═══ GIVEN ENTRIES

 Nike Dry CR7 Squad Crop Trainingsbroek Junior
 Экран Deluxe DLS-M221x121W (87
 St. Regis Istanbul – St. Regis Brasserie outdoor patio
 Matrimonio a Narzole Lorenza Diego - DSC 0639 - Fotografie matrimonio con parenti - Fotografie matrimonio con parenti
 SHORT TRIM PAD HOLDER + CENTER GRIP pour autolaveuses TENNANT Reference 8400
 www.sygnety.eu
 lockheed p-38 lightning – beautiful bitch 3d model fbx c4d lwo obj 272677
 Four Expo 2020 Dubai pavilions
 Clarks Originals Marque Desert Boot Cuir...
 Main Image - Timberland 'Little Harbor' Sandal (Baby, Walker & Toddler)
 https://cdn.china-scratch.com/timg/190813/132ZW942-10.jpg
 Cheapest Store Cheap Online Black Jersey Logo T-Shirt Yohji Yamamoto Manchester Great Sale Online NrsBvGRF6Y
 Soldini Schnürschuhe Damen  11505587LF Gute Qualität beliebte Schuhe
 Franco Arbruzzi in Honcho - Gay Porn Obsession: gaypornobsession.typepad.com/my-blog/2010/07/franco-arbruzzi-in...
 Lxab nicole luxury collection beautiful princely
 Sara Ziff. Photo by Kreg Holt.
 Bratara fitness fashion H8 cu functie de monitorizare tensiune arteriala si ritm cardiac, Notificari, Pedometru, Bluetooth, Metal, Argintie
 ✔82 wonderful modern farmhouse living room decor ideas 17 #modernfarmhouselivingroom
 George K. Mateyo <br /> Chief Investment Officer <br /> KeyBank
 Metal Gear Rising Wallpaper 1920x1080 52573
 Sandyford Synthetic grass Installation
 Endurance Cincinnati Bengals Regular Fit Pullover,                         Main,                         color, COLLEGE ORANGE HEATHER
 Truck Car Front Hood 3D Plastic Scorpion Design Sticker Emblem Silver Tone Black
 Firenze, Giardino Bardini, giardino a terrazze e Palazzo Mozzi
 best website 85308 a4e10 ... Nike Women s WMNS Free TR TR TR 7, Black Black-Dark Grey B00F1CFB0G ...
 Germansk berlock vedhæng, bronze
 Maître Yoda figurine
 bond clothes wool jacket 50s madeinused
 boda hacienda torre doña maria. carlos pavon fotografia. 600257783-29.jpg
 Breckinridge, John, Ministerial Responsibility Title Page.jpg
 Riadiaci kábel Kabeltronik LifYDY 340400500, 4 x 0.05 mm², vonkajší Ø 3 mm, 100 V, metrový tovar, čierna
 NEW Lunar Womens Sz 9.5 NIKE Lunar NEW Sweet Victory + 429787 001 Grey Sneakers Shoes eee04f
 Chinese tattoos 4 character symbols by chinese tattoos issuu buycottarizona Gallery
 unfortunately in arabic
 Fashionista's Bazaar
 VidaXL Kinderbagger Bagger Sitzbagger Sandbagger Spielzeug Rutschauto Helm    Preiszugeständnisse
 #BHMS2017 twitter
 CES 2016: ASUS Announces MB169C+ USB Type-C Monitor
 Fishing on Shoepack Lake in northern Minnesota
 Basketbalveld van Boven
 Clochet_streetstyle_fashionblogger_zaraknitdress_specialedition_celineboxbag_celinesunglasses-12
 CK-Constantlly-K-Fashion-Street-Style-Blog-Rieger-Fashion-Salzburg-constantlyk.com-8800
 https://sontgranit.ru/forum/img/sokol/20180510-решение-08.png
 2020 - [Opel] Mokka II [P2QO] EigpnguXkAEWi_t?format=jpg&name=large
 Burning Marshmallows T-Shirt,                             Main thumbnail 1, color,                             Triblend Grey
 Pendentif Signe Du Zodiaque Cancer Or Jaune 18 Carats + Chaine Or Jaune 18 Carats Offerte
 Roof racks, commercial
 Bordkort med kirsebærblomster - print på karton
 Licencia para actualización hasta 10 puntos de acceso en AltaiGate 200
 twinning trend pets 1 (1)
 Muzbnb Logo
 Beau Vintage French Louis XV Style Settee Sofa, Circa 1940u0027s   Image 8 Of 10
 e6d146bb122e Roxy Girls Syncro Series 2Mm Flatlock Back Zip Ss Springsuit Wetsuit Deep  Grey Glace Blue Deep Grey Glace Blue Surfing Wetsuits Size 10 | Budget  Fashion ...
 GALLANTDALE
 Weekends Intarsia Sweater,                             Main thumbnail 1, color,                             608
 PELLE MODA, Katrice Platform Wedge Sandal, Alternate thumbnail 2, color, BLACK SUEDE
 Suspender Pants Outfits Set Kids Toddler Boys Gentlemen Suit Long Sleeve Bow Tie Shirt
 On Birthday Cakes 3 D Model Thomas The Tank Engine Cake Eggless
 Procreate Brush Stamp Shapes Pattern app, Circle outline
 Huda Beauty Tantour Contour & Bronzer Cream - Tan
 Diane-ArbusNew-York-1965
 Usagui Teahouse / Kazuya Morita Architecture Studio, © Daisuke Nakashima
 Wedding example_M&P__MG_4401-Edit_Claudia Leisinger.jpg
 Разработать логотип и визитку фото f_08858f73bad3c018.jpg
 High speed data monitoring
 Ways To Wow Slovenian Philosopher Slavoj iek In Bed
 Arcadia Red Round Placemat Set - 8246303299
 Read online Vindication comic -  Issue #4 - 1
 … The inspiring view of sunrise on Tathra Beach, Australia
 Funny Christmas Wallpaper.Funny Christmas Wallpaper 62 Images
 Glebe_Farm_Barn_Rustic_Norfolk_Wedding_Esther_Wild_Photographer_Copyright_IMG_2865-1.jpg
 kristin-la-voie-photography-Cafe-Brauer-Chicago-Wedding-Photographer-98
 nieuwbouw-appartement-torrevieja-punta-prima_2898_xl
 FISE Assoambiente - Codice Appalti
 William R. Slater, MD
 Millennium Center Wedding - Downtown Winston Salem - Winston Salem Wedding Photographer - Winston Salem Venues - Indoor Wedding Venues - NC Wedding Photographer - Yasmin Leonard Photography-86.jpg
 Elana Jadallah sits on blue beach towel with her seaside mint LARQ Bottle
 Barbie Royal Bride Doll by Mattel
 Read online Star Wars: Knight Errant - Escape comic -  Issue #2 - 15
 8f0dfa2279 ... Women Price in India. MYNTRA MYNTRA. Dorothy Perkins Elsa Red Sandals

══════

| PROBLEM REQUIREMENTS |
The range runs from the line above containing "Lxab nicole luxury" to the line containing "NEW Lunar Womens", inclusive. Restate those lines word for word and no others.

| ANSWER |
 Lxab nicole luxury collection beautiful princely
 Sara Ziff. Photo by Kreg Holt.
 Bratara fitness fashion H8 cu functie de monitorizare tensiune arteriala si ritm cardiac, Notificari, Pedometru, Bluetooth, Metal, Argintie
 ✔82 wonderful modern farmhouse living room decor ideas 17 #modernfarmhouselivingroom
 George K. Mateyo <br /> Chief Investment Officer <br /> KeyBank
 Metal Gear Rising Wallpaper 1920x1080 52573
 Sandyford Synthetic grass Installation
 Endurance Cincinnati Bengals Regular Fit Pullover,                         Main,                         color, COLLEGE ORANGE HEATHER
 Truck Car Front Hood 3D Plastic Scorpion Design Sticker Emblem Silver Tone Black
 Firenze, Giardino Bardini, giardino a terrazze e Palazzo Mozzi
 best website 85308 a4e10 ... Nike Women s WMNS Free TR TR TR 7, Black Black-Dark Grey B00F1CFB0G ...
 Germansk berlock vedhæng, bronze
 Maître Yoda figurine
 bond clothes wool jacket 50s madeinused
 boda hacienda torre doña maria. carlos pavon fotografia. 600257783-29.jpg
 Breckinridge, John, Ministerial Responsibility Title Page.jpg
 Riadiaci kábel Kabeltronik LifYDY 340400500, 4 x 0.05 mm², vonkajší Ø 3 mm, 100 V, metrový tovar, čierna
 NEW Lunar Womens Sz 9.5 NIKE Lunar NEW Sweet Victory + 429787 001 Grey Sneakers Shoes eee04f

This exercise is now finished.